The first independent breath of a newborn impacts several other physiological systems beyond the circulatory system. Primarily, the respiratory system undergoes profound changes as the newborn transitions from a fluid-filled environment to breathing air. This initiation of breathing stimulates the expansion of the lungs and activates the exchange of oxygen and carbon dioxide, crucial for oxygenating blood and removing metabolic wastes. Concurrently, the nervous system responds by coordinating respiratory muscle contractions, ensuring effective ventilation. In conjunction with these changes, the endocrine system adjusts to the new oxygen-rich environment, triggering the release of surfactant to maintain alveolar stability and enhance lung compliance. Additionally, the act of breathing generates heat through metabolic processes, supporting the newborn’s thermoregulatory system as it adapts to maintaining body temperature independently. Moreover, the first breath marks the beginning of gastrointestinal function, influencing digestion and absorption processes essential for nutrient utilization and growth. Lastly, exposure to ambient air kickstarts the colonization of gut microbiota, contributing to the development of the immune system and overall health. Thus, the first breath orchestrates a cascade of physiological adjustments across multiple systems, crucial for the newborn’s adaptation to extrauterine life and ongoing development.

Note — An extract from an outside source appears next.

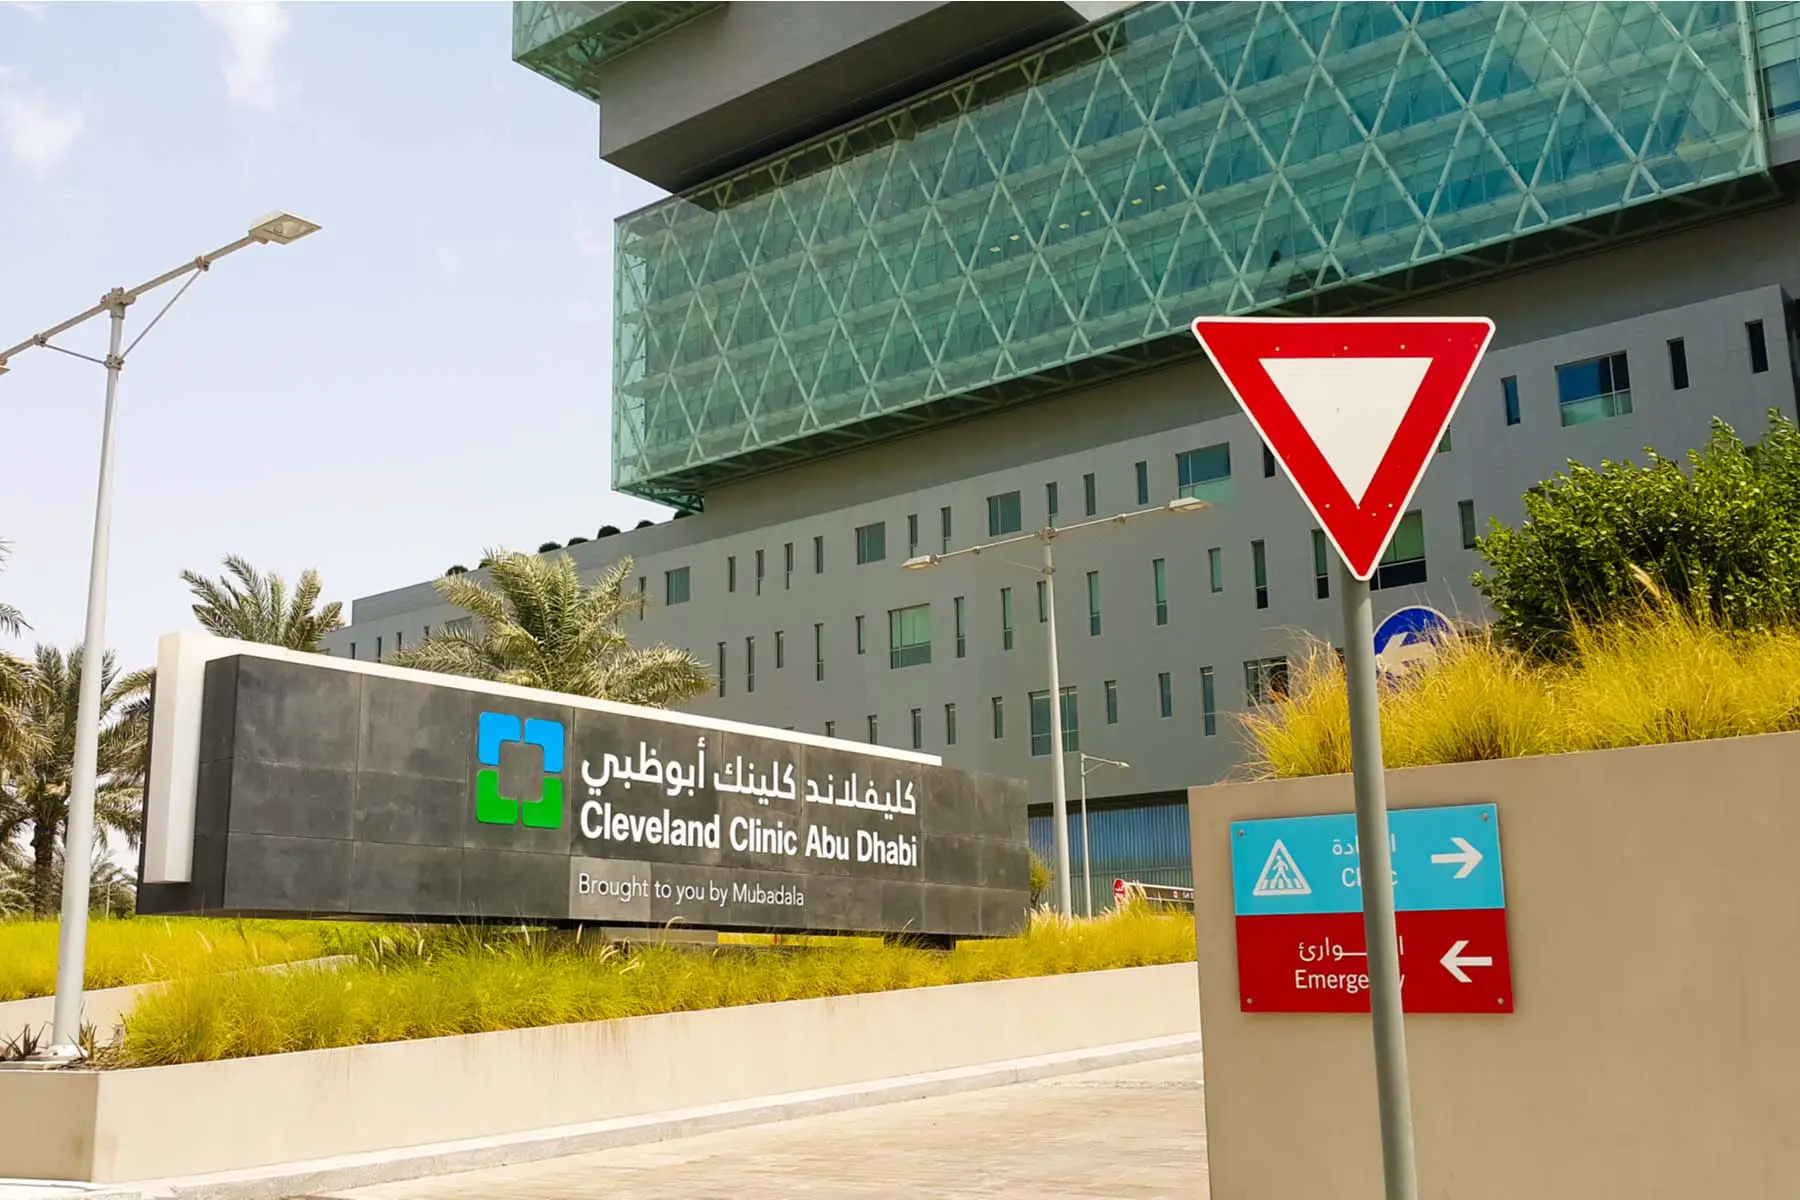 outside of the Cleveland Clinic in Abu Dhabi

How does obtaining an Apgar score provide quick information to medical professionals about the functioning body systems of the newborn?

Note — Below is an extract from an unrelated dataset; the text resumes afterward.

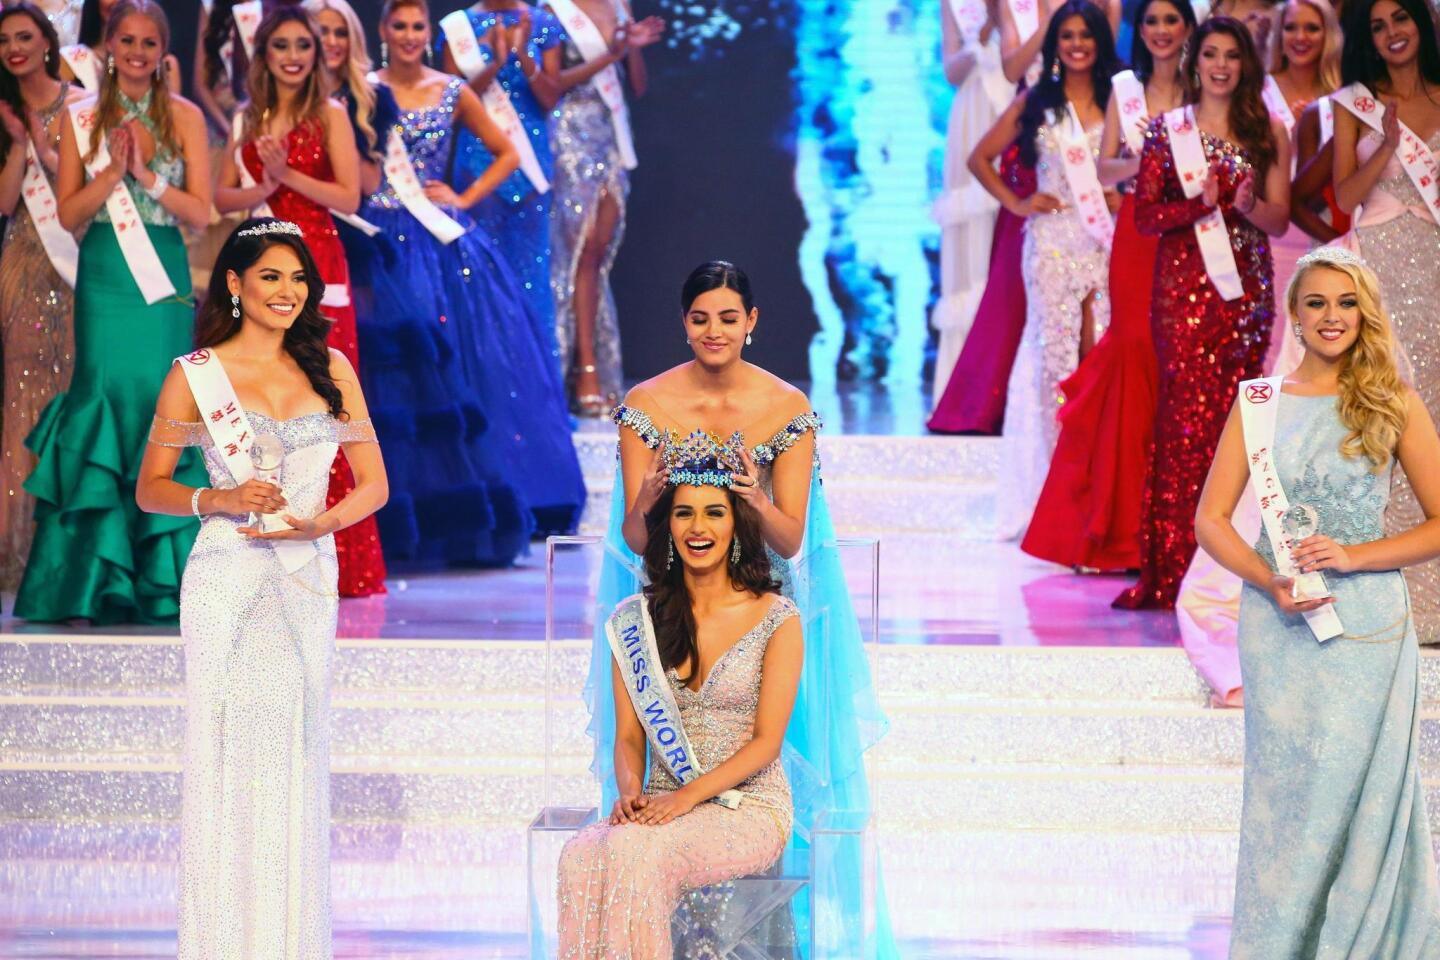 FUZ02. Sanya (China), 18/11/2017.- Puerto Rican musician and Miss World 2016 Stephanie Del Valle (C-rear) crowns Manushi Chhillar (C-front) of India, the new Miss World, as first runner-up Miss Mexico Alma Andrea Meza Carmona (L) and second runner-up Miss England Stephanie Jayne Hill (R) watch during the award ceremony of the Miss World 2017 contest in Sanya, Hainan province, China, 18 November 2017.

Obtaining an Apgar score provides rapid and critical information to medical professionals about the newborn’s health and functioning body systems immediately after birth. The score assesses five physiological parameters:
Heart Rate: Reflects cardiovascular function.

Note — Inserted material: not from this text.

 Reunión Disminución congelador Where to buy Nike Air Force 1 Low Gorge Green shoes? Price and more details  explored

Respiratory Effort: Indicates the adequacy of breathing and lung function.
Muscle Tone: Assesses the neuromuscular system.
Reflex Irritability (Grimace Response): Evaluates the central nervous system’s responsiveness.
Color (Skin): Indicates oxygenation and circulation.
The score is typically assigned at 1 minute and 5 minutes after birth, with higher scores (out of 10) indicating better overall health. Here’s how the Apgar score provides quick insight into the newborn’s condition:
Heart Rate and Respiratory Effort: These parameters immediately assess the cardiovascular and respiratory systems’ ability to function independently outside the womb (American Academy of Pediatrics, 2015).
Muscle Tone and Reflexes: They indicate the neuromuscular maturity and the central nervous system’s ability to coordinate responses (American College of Obstetricians and Gynecologists, 2020).
Skin Color: Provides a quick assessment of oxygenation and blood perfusion throughout the body (Royal College of Obstetricians and Gynaecologists, 2015).
By quickly evaluating these five parameters, the Apgar score allows medical professionals to promptly identify any immediate needs for intervention, such as resuscitation or further evaluation. It serves as a standardized tool for communicating the newborn’s health status among healthcare providers, facilitating timely and appropriate care.
References:
American Academy of Pediatrics and American Heart Association. (2015). Textbook of Neonatal Resuscitation (NRP). 7th ed. Elk Grove Village, IL: American Academy of Pediatrics.
American College of Obstetricians and Gynecologists. (2020). ACOG Committee Opinion No. 764: Medically Indicated Late-Preterm and Early-Term Deliveries. Obstetrics & Gynecology, 135(3), e153-e156.
Royal College of Obstetricians and Gynaecologists. (2015). Intrapartum Care: Care of Healthy Women and Their Babies During Childbirth. Clinical Guideline CG190. London: RCOG Press.